Elections Seen To Bring Investment Opportunities

Fiji’s economic growth has been a mixed bag.
Each of the four coups in Fiji has seen a drop in GDP of approximately five per cent in their immediate aftermath, according to Satish Chand, Finance Professor at the University of New South Wales.
But since 2010, the economy has been returning to growth, averaging three per cent per annum.
Tourism has rebounded, he says, mainly from Australia, but so has infrastructure spending, with government pouring 25 per cent of GDP into roads, transport, jetties, wharves, and sewerage plants.
And, according to Investment Fiji executive chairman, Bradley Truman, 152 foreign investment project proposals were received between January and July this year, valued at FJ$1.3 billion, employing potentially 4921.
Vibrant
Greg Pawson, President of the Australia-Fiji Business Council, said a lot of the investment is by locally-based businesses.
“A lot of the growth that has been occurring in Fiji more recently—and it’s actually quite vibrant and optimistic – is driven by domestic demand,” he said.
ANZ chief executive Fiji and Pacific, Vishnu Mohan, feels that post elections, Fiji will be a different story.
“I think there’ll be a lot of investment coming in. I know a lot of potential investors were waiting to see the elections happen and then to see a stable government coming in,” he said.
“Then, they will start building infrastructure and taking the country forward.”
BSP’s Robin Fleming agrees more investment is likely.
“I get over there quite regularly, and the general mood of business is positive,” he told Business Advantage PNG.
Stability
Mr Pawson said from a Business Council point of view, the feedback that they were getting is that businesses are looking for stability.
“Firstly, they want a democratic government, but also policies that will encourage foreign investors to go back in there, and also we’d like to see continuous consultation with business groups such as ourselves.”
Key sectors
The sectors likely to attract more foreign investment are tourism, resources, infrastructure and ICT.

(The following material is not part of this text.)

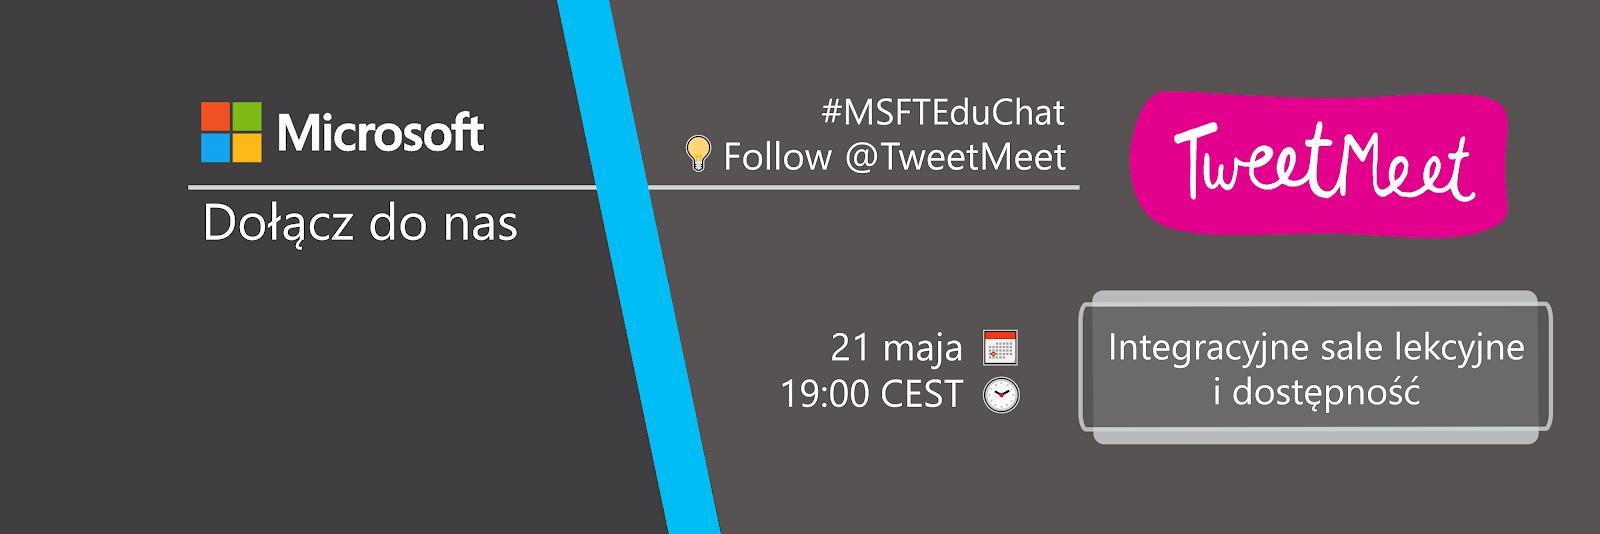 #MSFTEduChat

Mr Pawson suggested: “Resorts – quite a broad spectrum and quite a number of the larger multinational operators were probably holding back to see what eventuates.

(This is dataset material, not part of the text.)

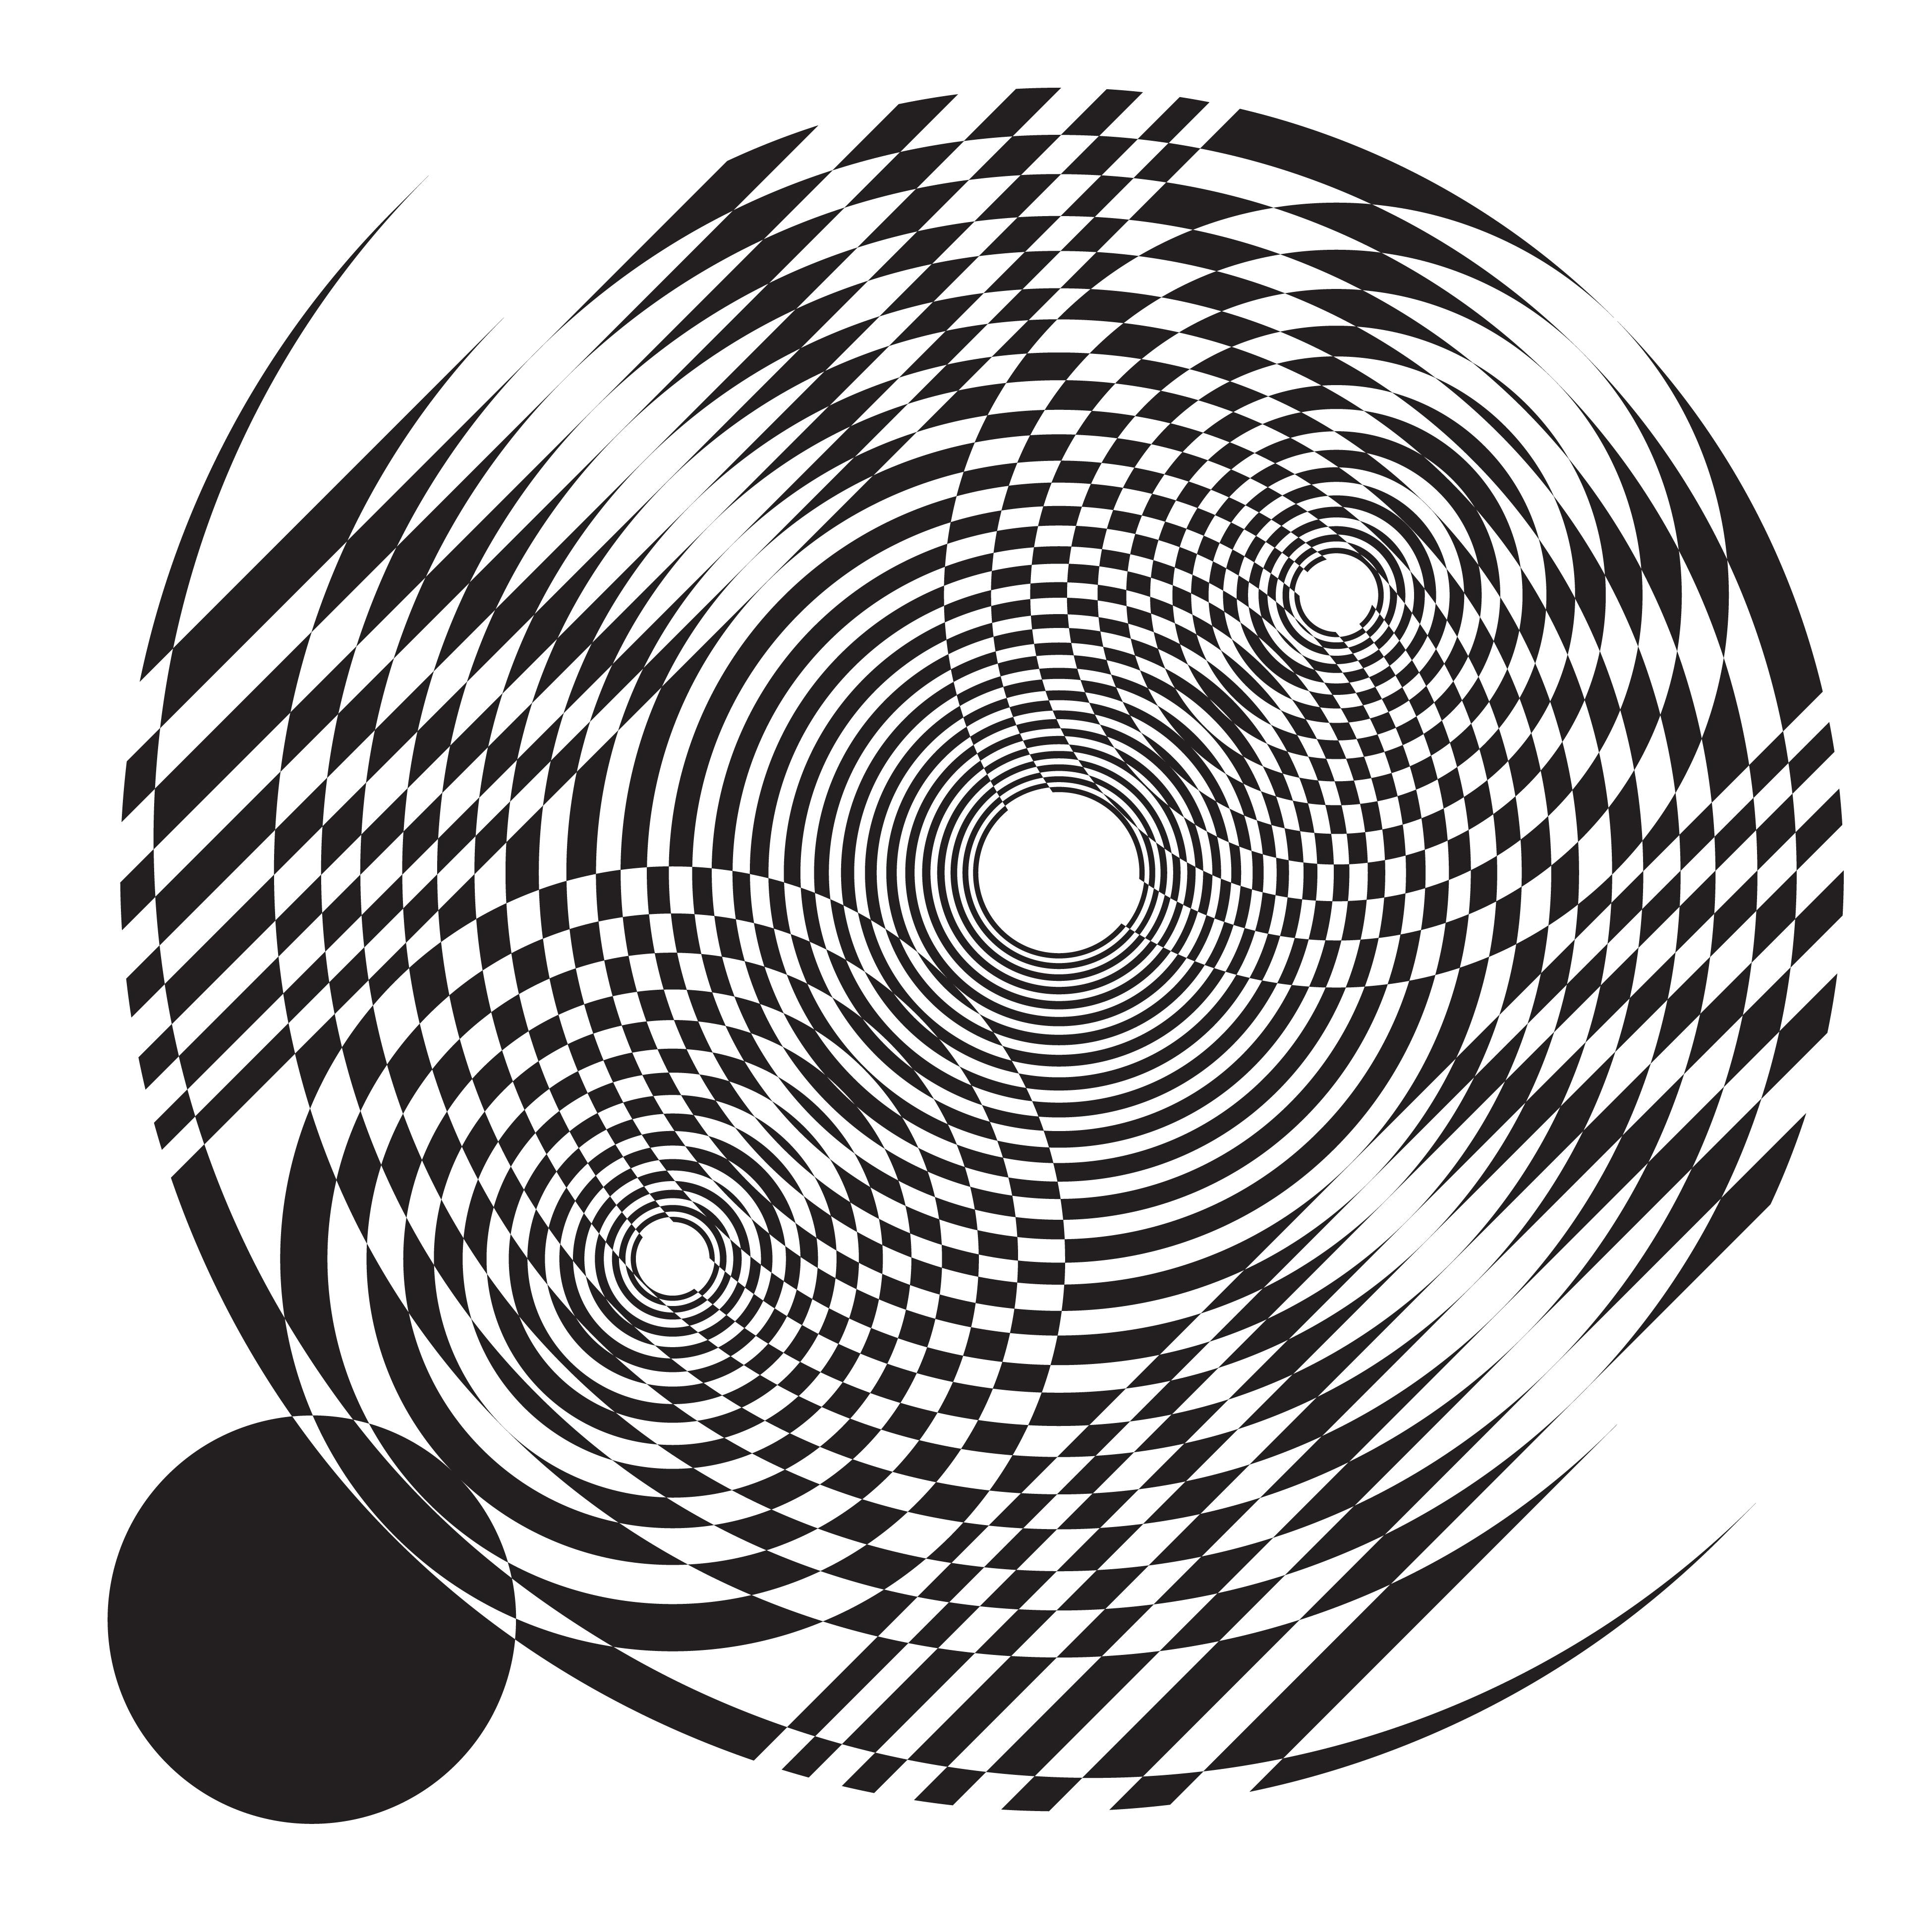 Intersezioni ottico – dinamiche n°32, 2016

“And then you’ve got at the end of the scale is the smaller operators that are actually just sitting back to see what happened.”
A good example of that, he says, was the re-opening recently of the the Grand Pacific Hotel. The GPH is a partnership between the Fiji National Provident Fund which holds 25 per cent shares, 50 per cent is owned by Papua New Guinea National Superannuation Fund while Lamana Development Limited of PNG owns 25 per cent shares.
Mr Chand said China is likely to increase its mining activities, particularly in bauxite on Vanua Levu, and says at least two more water bottling plants are in the pipeline.
Infrastructure
Both Mr Chand and Mr Pawson pointed out recent infrastructure investment, which will assist business development, includes the resealing of roads in and around Suva’s CBD, the building of a 4-lane road from Nadi Airport to the town, and the sealing of the ring road around Viti Levu.
“They’ve outsourced the running of the port and, from all accounts, the running of the port has improved quite significantly,” Mr Pawson said.
“And then, of course, the proposed refurbishment of Nadi International Airport. I think Nausori will be a beneficiary of that now there are direct flights to Auckland and Sydney out of Suva.”
Funds to drive investment
Mr Pawson believes much of the potential investment in Fiji is likely to come from regional superannuation funds.
“In Fiji, and some of the smaller jurisdictions, like Solomon Islands and Vanuatu, there comes a stage when they are strapped to find good local opportunities,” he said.
“This, therefore, forces them to look beyond their jurisdiction and other parts of the region and I think that’s a positive thing.”